«Откуда в таком количестве потусторонние сущности берутся? Из моря, что ли?» — увидел третий силуэт, медленно бредущий в его сторону.
Но этот, проходя мимо, произнёс только:
— Э-эх, ма–а!
«Кабы денег тьма! — мысленно продолжил Банников. — Как говорит батальонный: «Купил бы деревеньку.., топтал бы девок помаленьку…» — Чего это я в несвойственные офицеру поэтические дебри влез… Я — военный! Присягал Государю. Прикажет комбат — велю солдатам палить по бунтовщикам. Хотя в училище учили защищать и оборонять свой народ. Но не смутьянов, — принял решение, удивившись, что вокруг светло и безлюдно. — Отдыхают перед смертью, — подумал о жителях, поразившись, как легко думает о смерти. О чужой смерти.., — и вдруг увидел зелёные деревья, белые облака и синее море. — Я стал различать цвета, как определился с жизнью и смертью…»
Влажный летний ветер приятно овевал тяжёлую от бессонной ночи голову, будто сдувая тяжёлые мысли и сомнения: «Хватит философствовать… Точнее — мудрствовать… Что это со мной?
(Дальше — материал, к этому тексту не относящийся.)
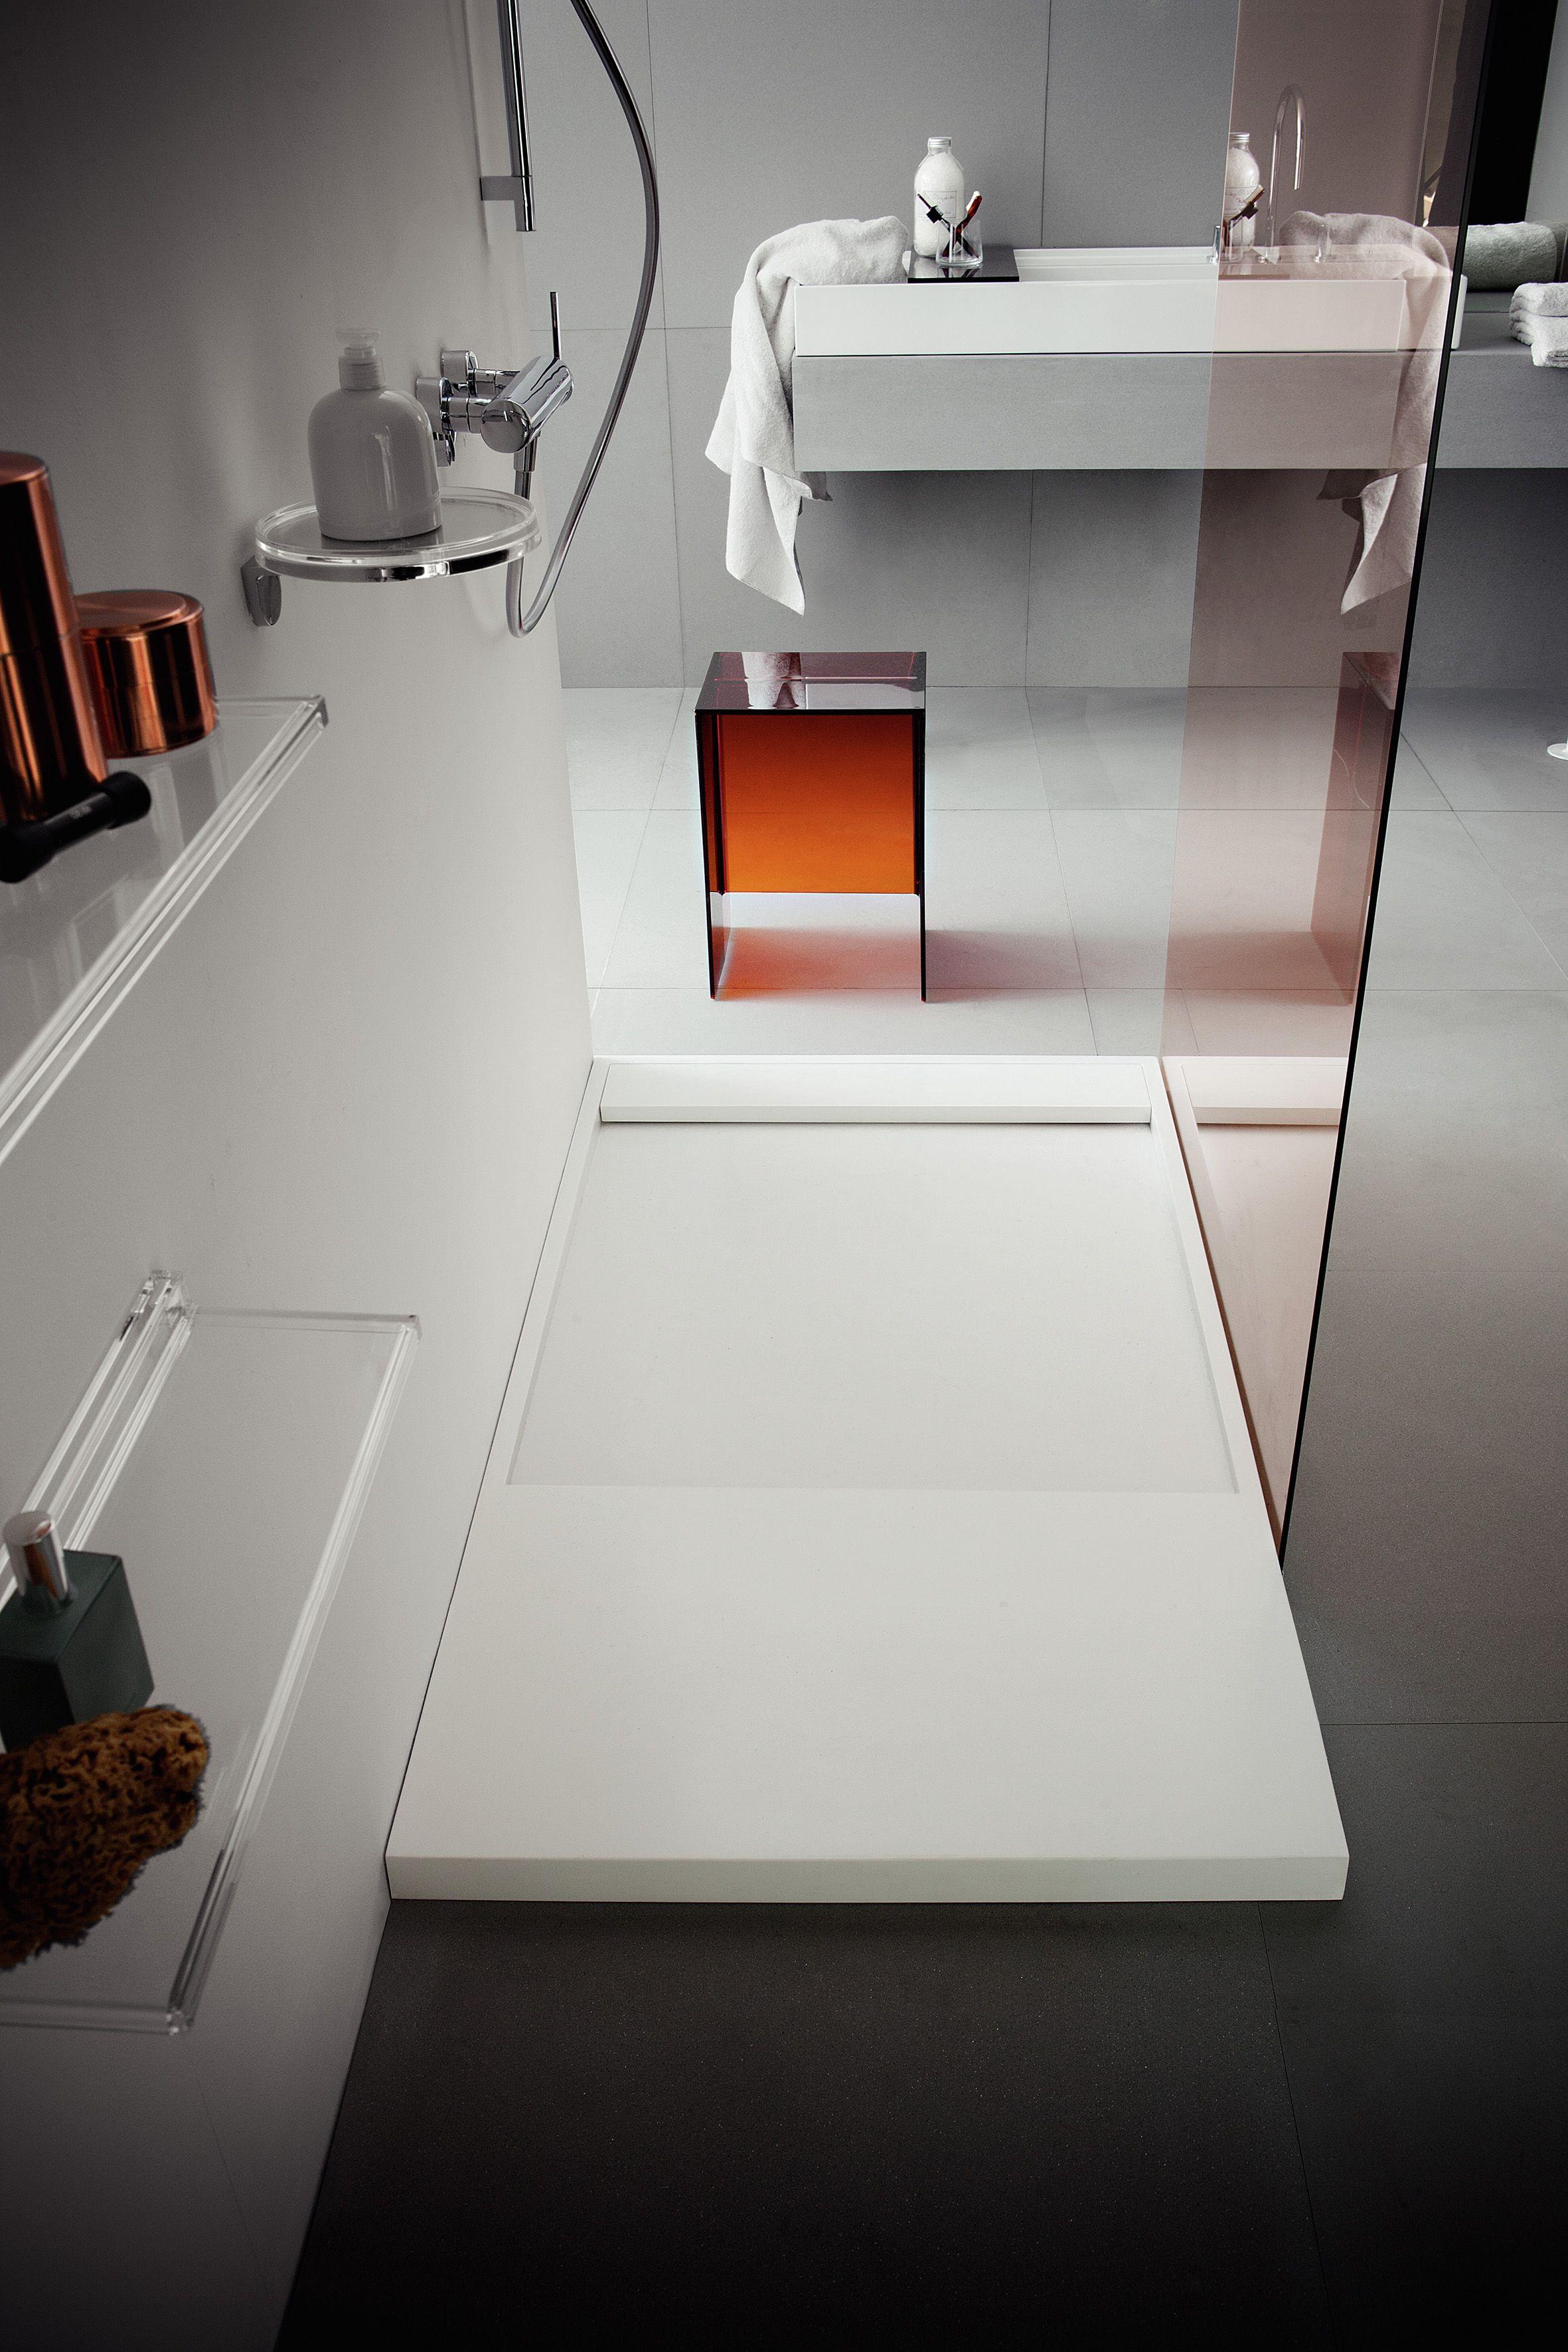 kartell salle de bain salle de bain design. receveur de douche kartell By Laufen en acrylique  blanc.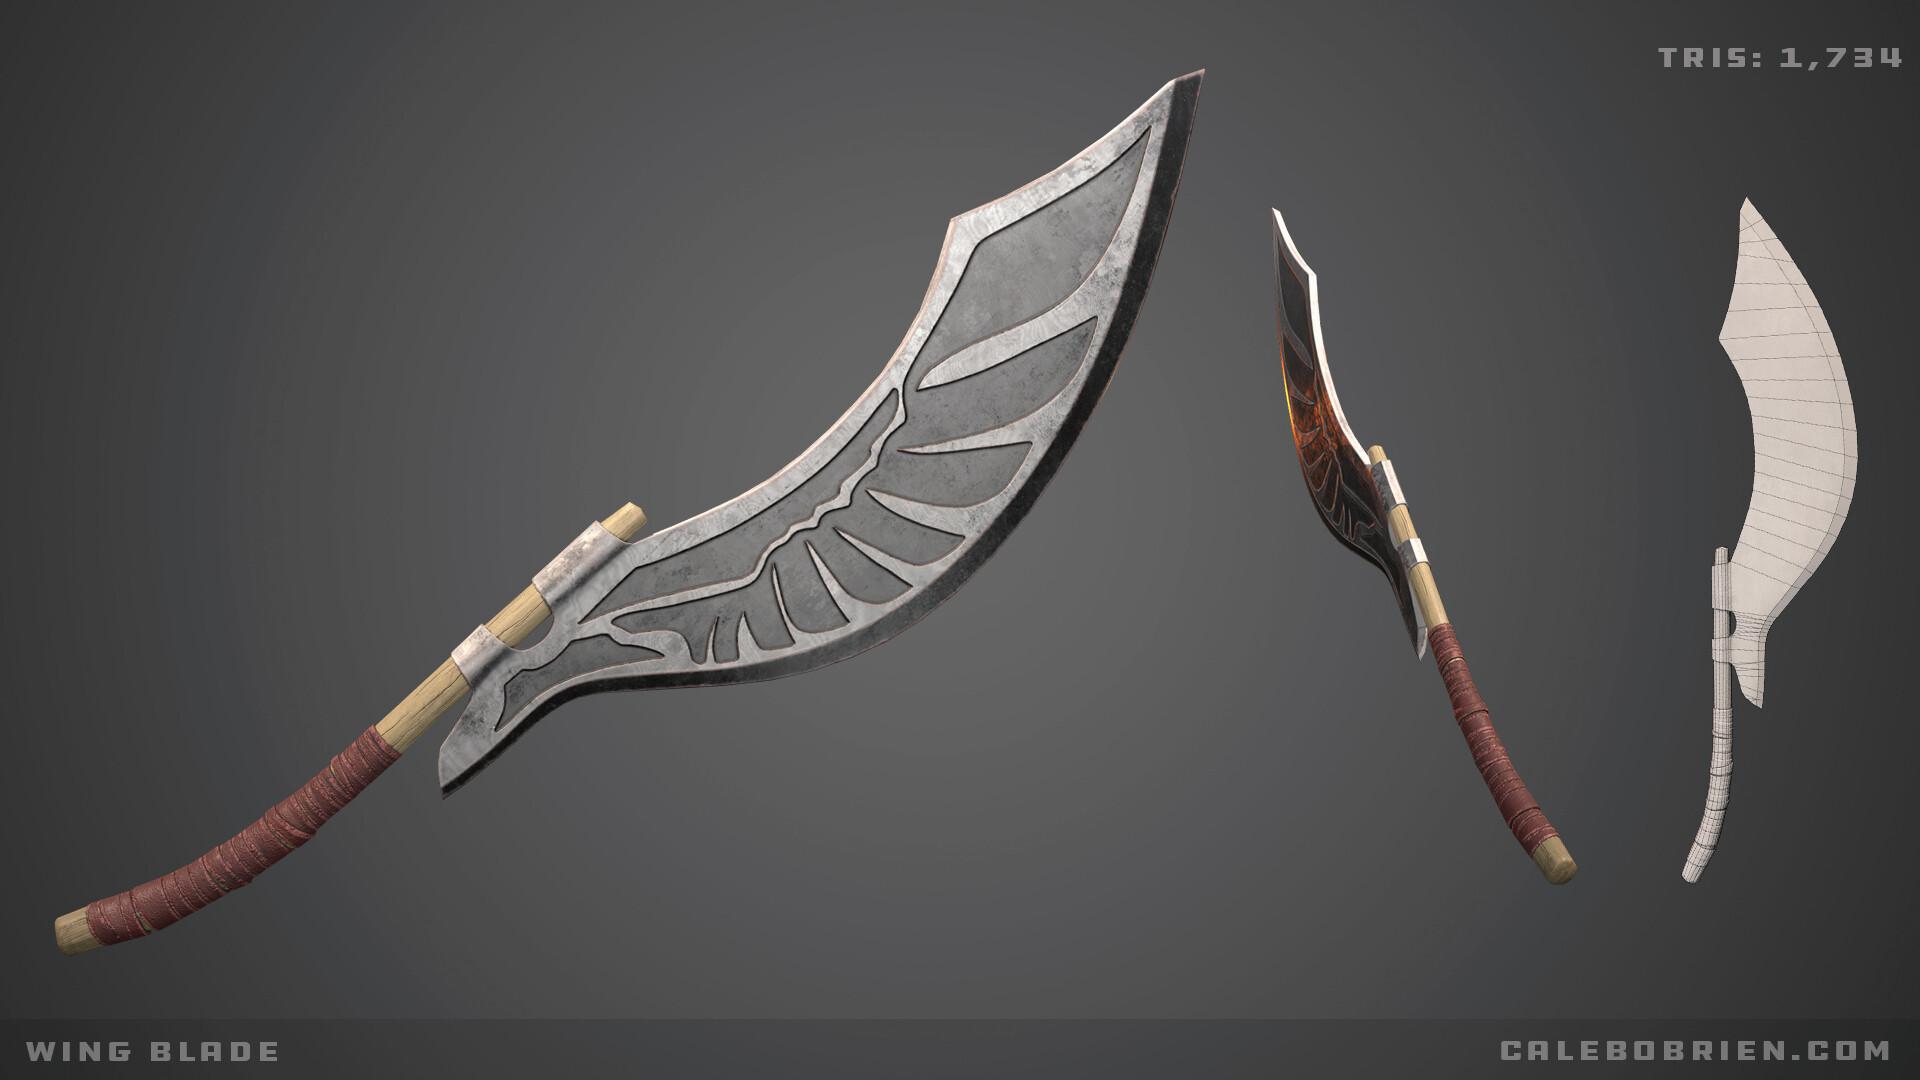 Caleb o brien wing blade

Так и рассуждать научишься, — пошутил про себя Банников. — Полковник Кареев за подобное «мудрование» мигом двумя нарядами не в очередь одарил бы», — полностью пришёл в себя.
На броненосце чего–то заурчало, и раннее утро, с кнопкой красного солнца, потревожил глухой утробный выстрел.
«Начинается!» — побежал к казармам полка, чертыхнувшись и сплюнув на перешедшую дорогу чёрную кошку.
Навстречу ему попадались сначала одинокие прохожие, деловито спешащие к порту, а вскоре наткнулся на злую, тупую, потную ватагу с кольями и шкворнями.
— Стой! — пронзительно крикнули из толпы.
— Да врач это, в больницу спешит, — успокоили злобный голос несколько разумных.
«Мать честная, вот так и пришлось бы дураков убивать», — дотронулся до нагана под сюртуком Банников.
А вокруг сплошной уже стеной топал к порту народ.
«Какие у всех грубые, бледные и неприятные лица с налитыми кровью глазами… Откуда столько ненависти? И это в то время, когда их товарищи воюют за Россию с японцами, — быстрым шагом миновал оригинальную троицу: жирного здоровяка, худого сутулого хромоножку и дёрганного, оглядывающегося по сторонам безликого субъекта. — Хромого где–то встречал», — тут же забыл о нём Банников, словно сом в омут, ныряя ещё в одну надвинувшуюся толпу.
— Хаим, ты не помнишь, не этот ли хмырь в Кишинёве меня в ногу ранил?
— Да нет, Ицхак, — повернул к нему голову, сняв фуражку, совершенно лысый товарищ. — Тот офицер был, а этот доктор.
— Хаим, — сыто рыгнул громадина, — ты мне чего–то вкусненькое напомнил. Яичко что ли?
— Сейчас, господин Бобинчик, на катере накатаешься по волнам, враз свою мамеле вспомнишь, — имитируя смех, издал какие–то странные горловые звуки сутулый.